The team’s communications director told the jury his former boss said he saw Tyler Skaggs snort opioids off a hotel menu in his room hours before he choked to death on his vomit.

FORT WORTH, Texas (CN) — The Los Angeles Angels’ communications director testified Monday his former boss told him he saw pitcher Tyler Skaggs snort three lines of drugs the night of his death, contradicting an earlier conversation about Skaggs choking on gummy bears instead.

Adam Chodzko took the stand on the fifth day of trial of former Angels staffer Eric Kay, who is accused of dealing opioids to Skaggs, 27, that resulted in his death on July 1, 2019, at a hotel in Southlake before a road game against the Texas Rangers.

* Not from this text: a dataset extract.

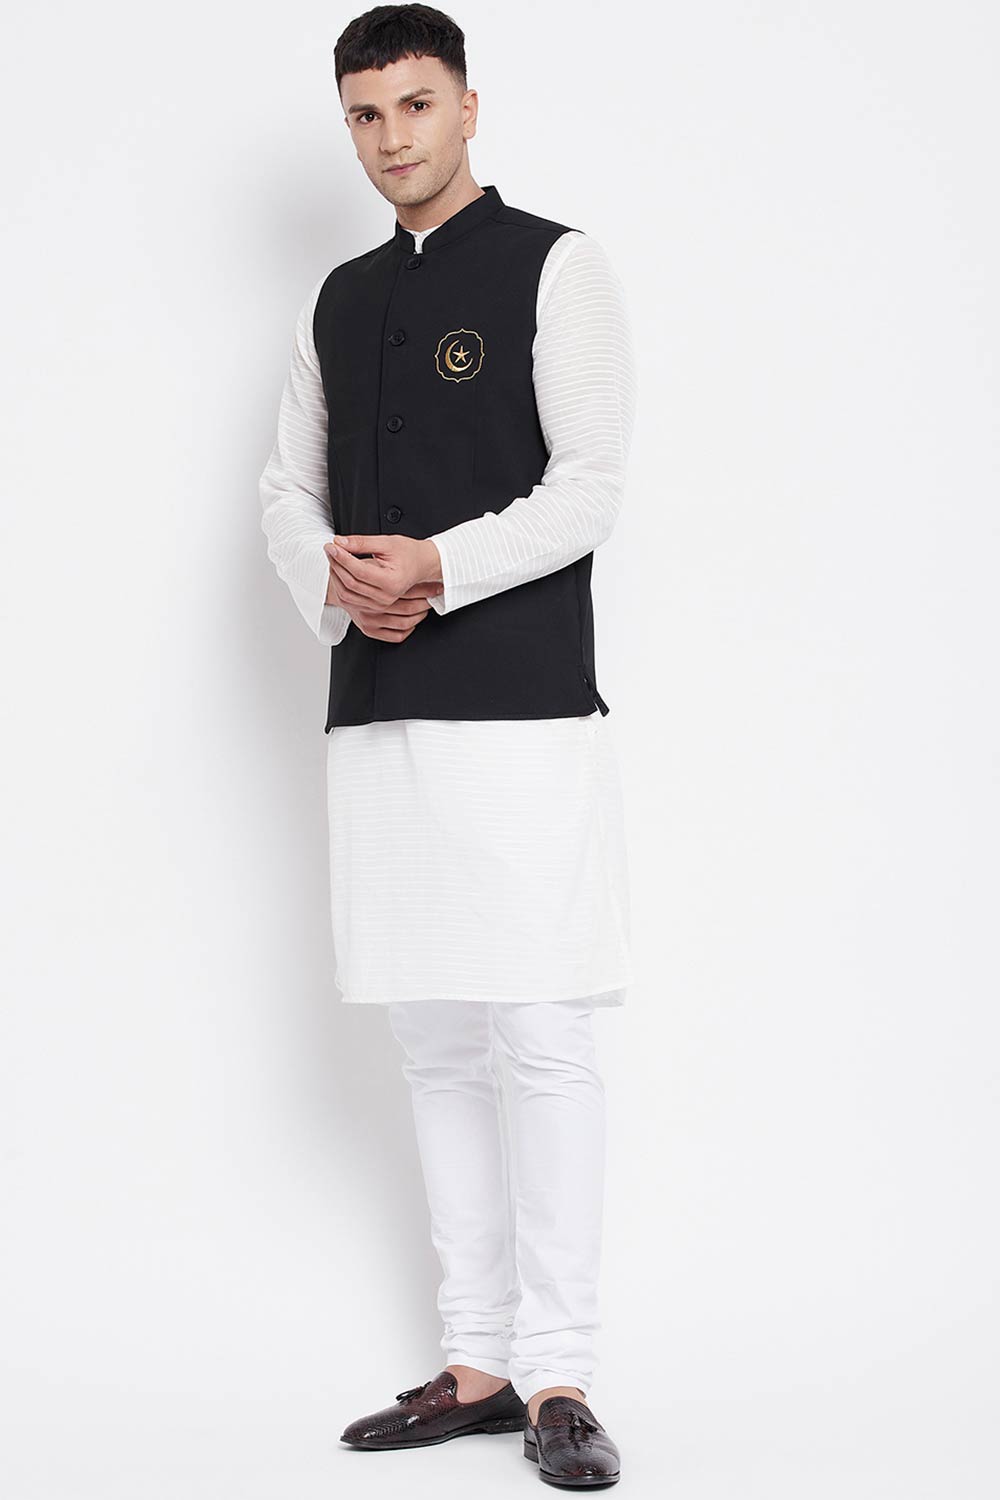 Buy Men's Merino Moon and Star Embroidery Nehru Jacket in Black - Back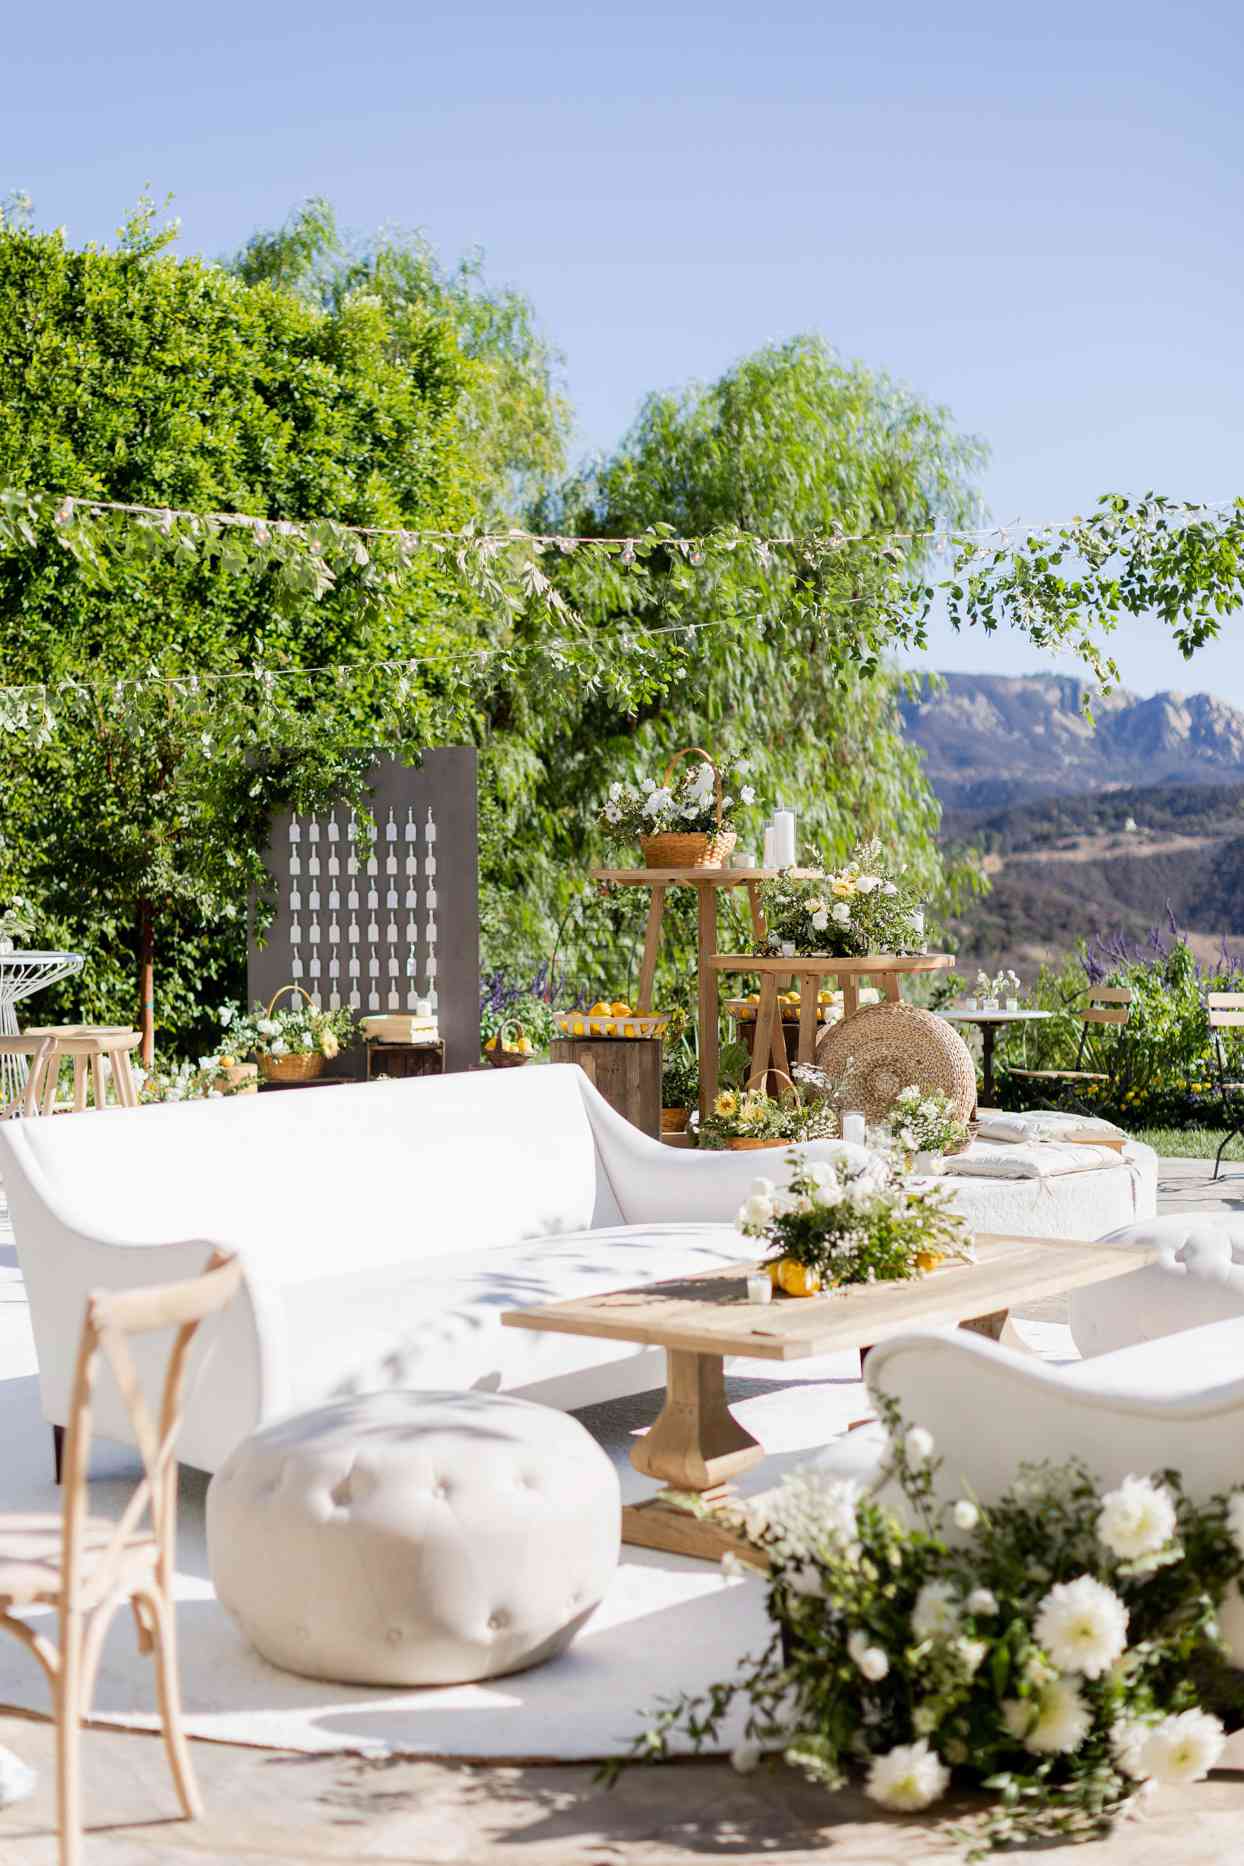 engagement party with white outdoor furniture overlooking mountains

Kay, 47, faces up to 20 years in federal prison if convicted of conspiracy to distribute fentanyl and distribution of a controlled substance resulting in death. Prosecutors have argued Kay was the source of the drugs that killed Skaggs that night and that it was the fentanyl specifically that killed him. Kay’s attorneys have argued that Skaggs received opioids from other sources – including teammates – and that those drugs are what caused him to choke on his vomit and die.

Chodzko testified that Kay originally told him the day after Skaggs’ death a rumor that he died after choking on gummy bears. He told the court that a month later after the team returned to Anaheim, Kay appeared out of sorts and was sweating through his shirt during a gameday. He said Kay told him “he had something to needed to tell me” after accepting Chodzko’s offer to drive him home.

“He said he watched Tyler do the three lines,” Chodzko said.

Chodzko testified that Kay told him that he had declined a text message Skaggs sent him on the night of his death asking Kay to come to his room, but then later went anyway. He said Kay told him he saw the three lines of drugs on a hotel menu.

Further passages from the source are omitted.